There was one practical result of Dunn’s warning and the storm of criticism that followed. Chief Signal Officer Greely was forced to revisit the whole issue of tornadoes and attempt to settle the conflict about them within the corps once and for all. He believed that the most urgent practical necessity was ending the war between Finley and Professor Hazen. He did so by following the example set by his predecessor, General Hazen, whenever Finley got into trouble: he sent Finley away.
Finley was reassigned from the Washington City office to the most remote point Greely could find: San Francisco. There Finley was put in charge of forecasting for the entire Pacific region. Finley proved to be a reliable and popular forecaster who immediately won the trust of San Francisco’s newspapers and the public; one of his first public pronouncements was to correctly forecast the end of a severe drought that had been ravaging Northern California.

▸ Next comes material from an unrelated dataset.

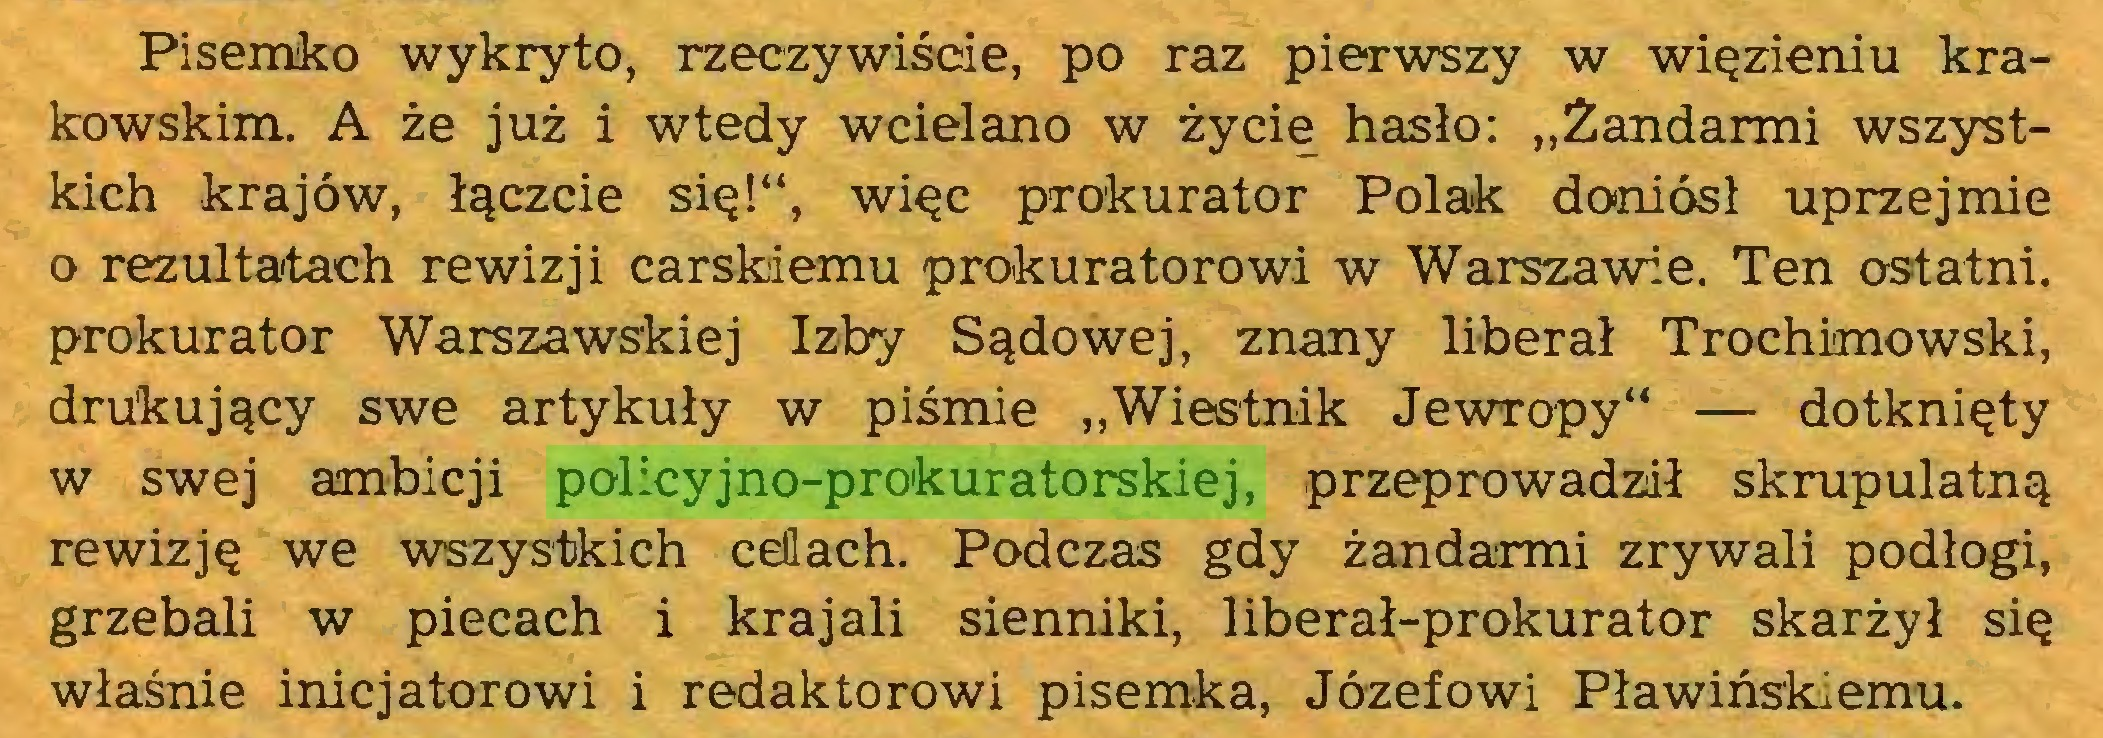 """(...) Pisemko wykryto, rzeczywiście, po raz pierwszy w więzieniu krakowskim. A że już i wtedy wcielano w życie hasło: """"Żandarmi wszystkich krajów, łączcie się!"""", więc prokurator Polak doniósł uprzejmie o rezultatach rewizji carskiemu prokuratorowi w Warszawie. Ten ostatni, prokurator Warszawskiej Izby Sądowej, znany liberał Trochimowski, drukujący swe artykuły w piśmie """"Wiestnik Jewropy"""" — dotknięty w swej ambicji policyjno-prokuratorskiej, przeprowadził skrupulatną rewizję we wszystkich celach. Podczas gdy żandarmi zrywali podłogi, grzebali w piecach i krajali sienniki, liberał-prokurator skarżył się właśnie inicjatorowi i redaktorowi pisemka, Józefowi Pławiński emu..."""
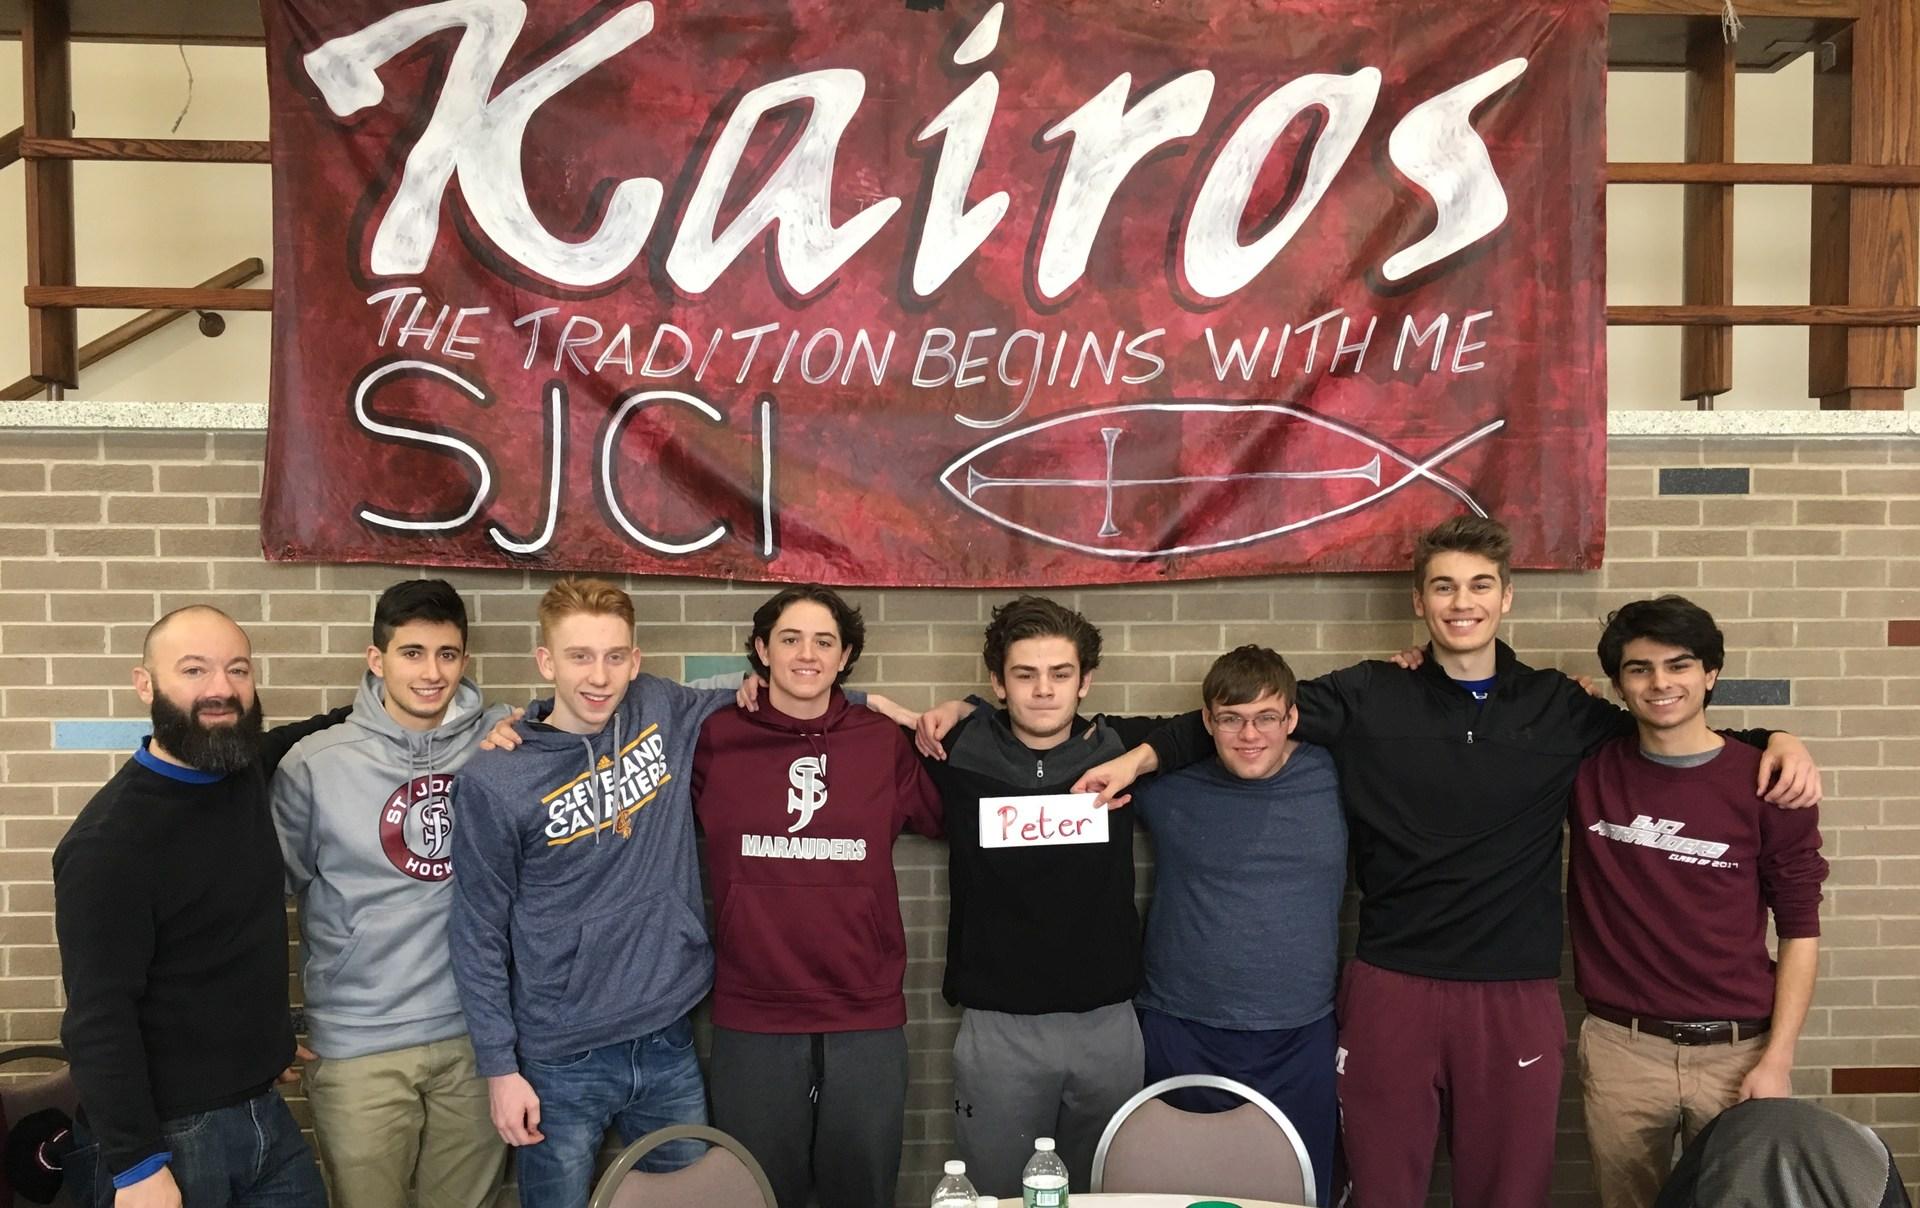 Kairos group

But he said nothing at all about tornadoes: there had, after all, not yet been a single confirmed report of a tornado west of the Rockies.
Back in Washington City, meanwhile, Greely made several public statements about tornadoes. All of them echoed, or even parroted, Professor Hazen’s views. Their gist was that tornadoes
were not as dangerous as Finley had claimed and as was popularly believed. The official view of the Signal Corps, as articulated by Greely, was that tornadoes were a minor and rare phenomenon that was not worth the resources for extensive study.
It was a bad position to argue. Given the destruction the tornado had left behind in Louisville, Greely’s remarks came in for open ridicule and contempt in the press. He was frequently reminded that he had earlier praised Finley’s tornado work. So why had he changed his mind? Greely had no answer. But it didn’t matter anyway; he was soon forced to backtrack.
The weather that spring and summer proved to be unusually bad across America. In the months after Louisville, several other very destructive tornadoes were reported from the Midwest and the South. There was widespread speculation in the nation’s press about why. The general consensus was that the American climate was growing dramatically worse; the most widespread popular theory was that it was caused by the deforestation of the eastern half of the continent. At the end of the year, Greely responded to the public concern by announcing in his report to Congress that he was reopening Finley’s tornado research project. But this time he was determined to make sure it would have responsible leadership. Greely wrote: “Impressed with the number and violence of destructive tornadoes during the past year, it is believed that an investigation of phenomena of this kind on their numbers, area devastated, lives lost, and other such information might be of current interest. This work was intrusted to Professor H. A. Hazen, who has given much time and attention to these phenomena.”